-
862 A.2d 752 (2004) Thor S. SVEGE, Jr., a minor, by his grandmother and Guardian Alice G. Svege; Briana Lee Svege, a minor, by her grandmother and Guardian Alice G. Svege; and the Estate of Thor S. Svege, Sr., Deceased, by Alice G. Svege, Administratrix, Appellants,
v.
INTERSTATE SAFETY SERVICE, INC., Stabler Construction Co.JV-Eastern Industries, Inc., Stabler Construction Co., Eastern Industries, Inc., Commonwealth of Pennsylvania Turnpike Commission, Hensley Industries, Inc., t/a Four H Trucking Co., and Scottie W. Wightman.Commonwealth Court of Pennsylvania.
Submitted on Briefs November 2, 2004. Decided December 7, 2004. Leo Gilberg, New York, NY, for appellants.
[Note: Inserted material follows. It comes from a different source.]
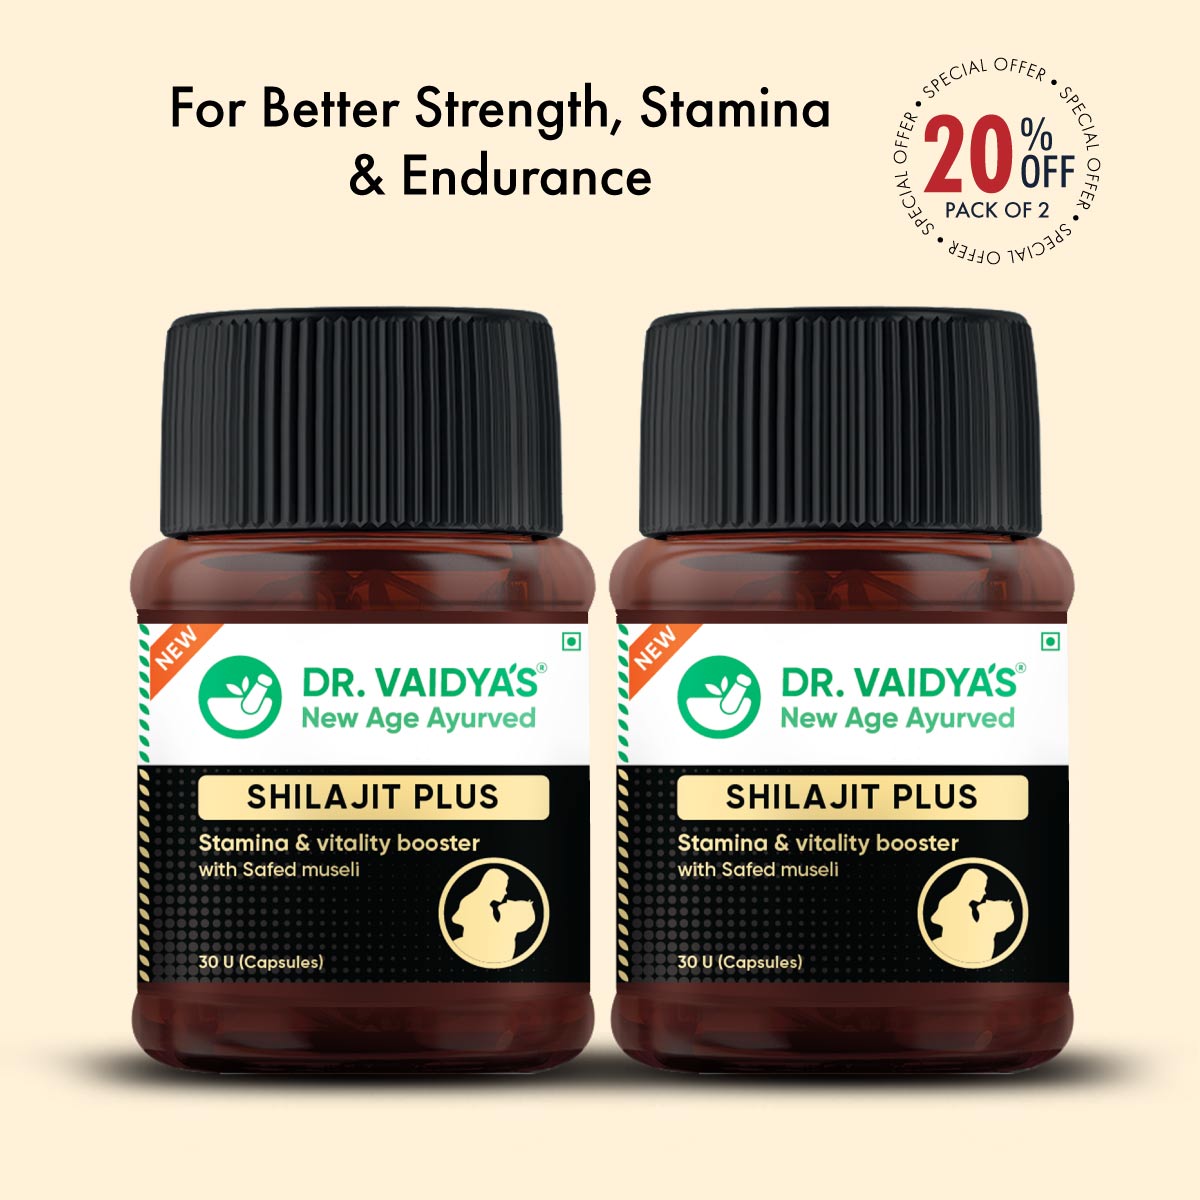 Shilajit Plus Capsules: More Strength & Stamina To Your Performance

Thomas F. Brogan, Pittsburgh, for appellee, PA Turnpike Commission.
Paul C. Troy, Norristown, for appellee, Interstate Safety Services, Inc.
Kimberly A. Boyer, Philadelphia, for appellee, Stabler Construction Co., JV Stabler Construction Co. and Eastern Industries, Inc.
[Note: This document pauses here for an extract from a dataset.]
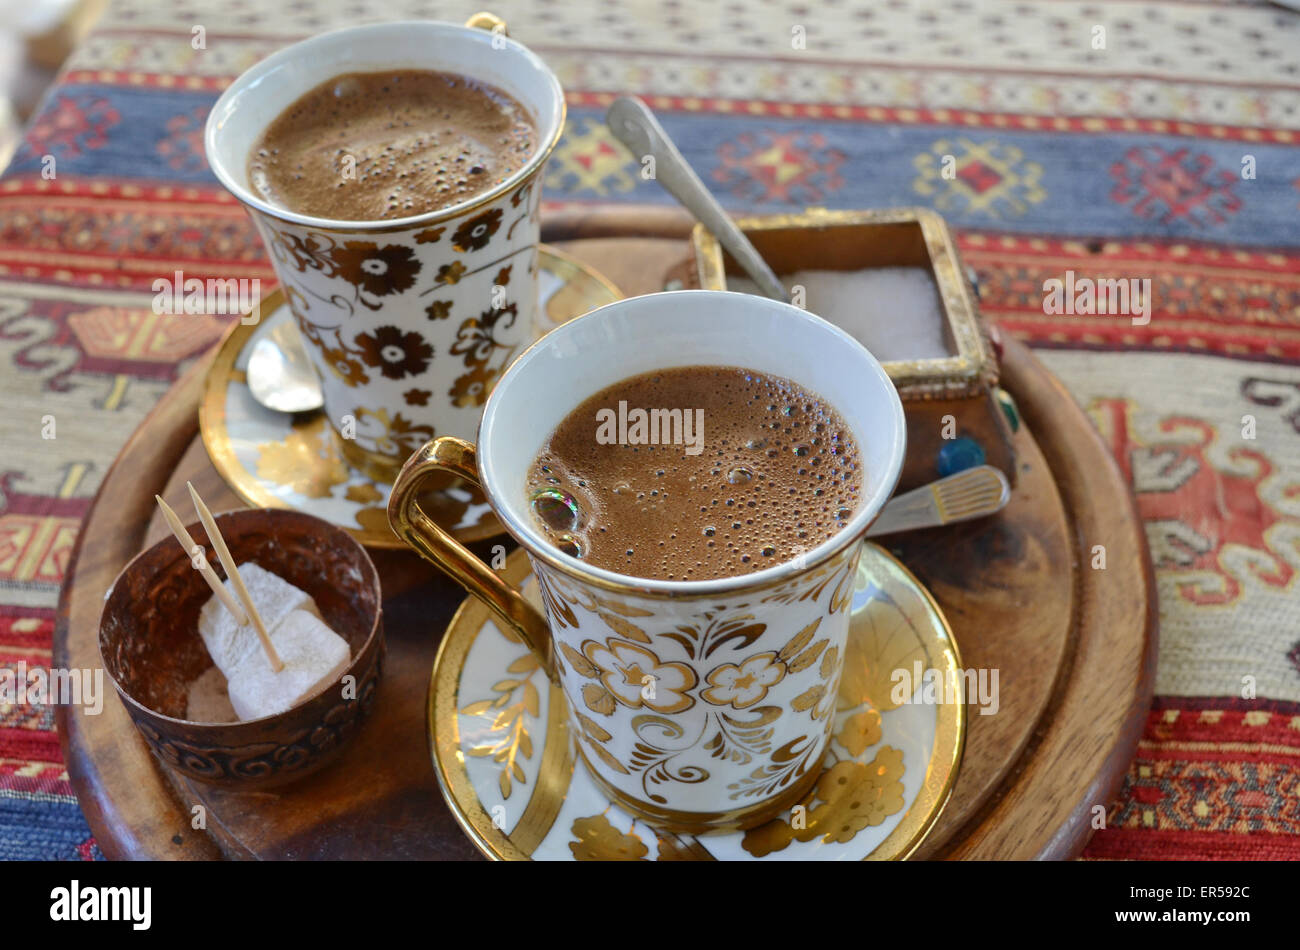 Two cups of Turkish coffee on wooden tray placed upon a colorful rug Stock Photo

*753 BEFORE: LEADBETTER, J., and LEAVITT, J., and KELLEY, Senior Judge.
OPINION BY Judge LEAVITT.
Thor S. Svege, Jr. and Briana Lee Svege, minors, their grandmother and guardian, Alice G. Svege, and the Estate of Thor S. Svege, Sr. (collectively Appellants), appeal from an order of the Court of Common Pleas of Chester County (trial court) granting summary judgment to the Pennsylvania Turnpike Commission (Commission), Stabler Construction Co.-JV-Eastern Industries, Inc., Eastern Industries (Stabler) and Interstate Safety Services, Inc. (Interstate). The trial court concluded that Appellants' claims against the Commission were barred by sovereign immunity and their claims filed against Stabler and Interstate were barred by the so-called "government contractor defense."
This matter arises from a motor vehicle accident that occurred on the Pennsylvania Turnpike (Turnpike) on the morning of September 16, 1999. Three members of the Svege family were killed and three were seriously injured when their family vehicle was crushed by an oncoming tractor trailer. The truck crashed through the 32-inch concrete "safety shape" barriers separating eastbound and westbound traffic on the Turnpike, caught on fire and landed on the Svege vehicle. As a result of the tragic devastation to the Svege family,[1] Appellants commenced a civil action. They sought to recover damages under a theory of negligence and strict liability.[2]
Their Complaint alleged that the Commission was negligent in the design, construction and maintenance of the Turnpike resulting in a dangerous condition that substantially contributed to the fatal crash. The Complaint also alleged that Stabler, general contractor to the Commission,[3] and Interstate, a manufacturer of precast concrete barriers, were each negligent in the production and installation of the 32-inch pre-cast concrete "safety shape" median barriers that separated the eastbound and westbound lanes of the Turnpike where the fatal accident occurred. Defects in these concrete barriers, the Complaint alleged, made them "incapable of performing as intended," and "unfit for the intended purpose." Amended Complaint at ¶ 22(a) and (b). The Complaint also alleged that Stabler and Interstate knew that a 32-inch concrete safety median barrier would substantially increase the risk of cross-over crashes as compared to a 46-inch high reinforced barrier. Amended Complaint at ¶ 30.[4]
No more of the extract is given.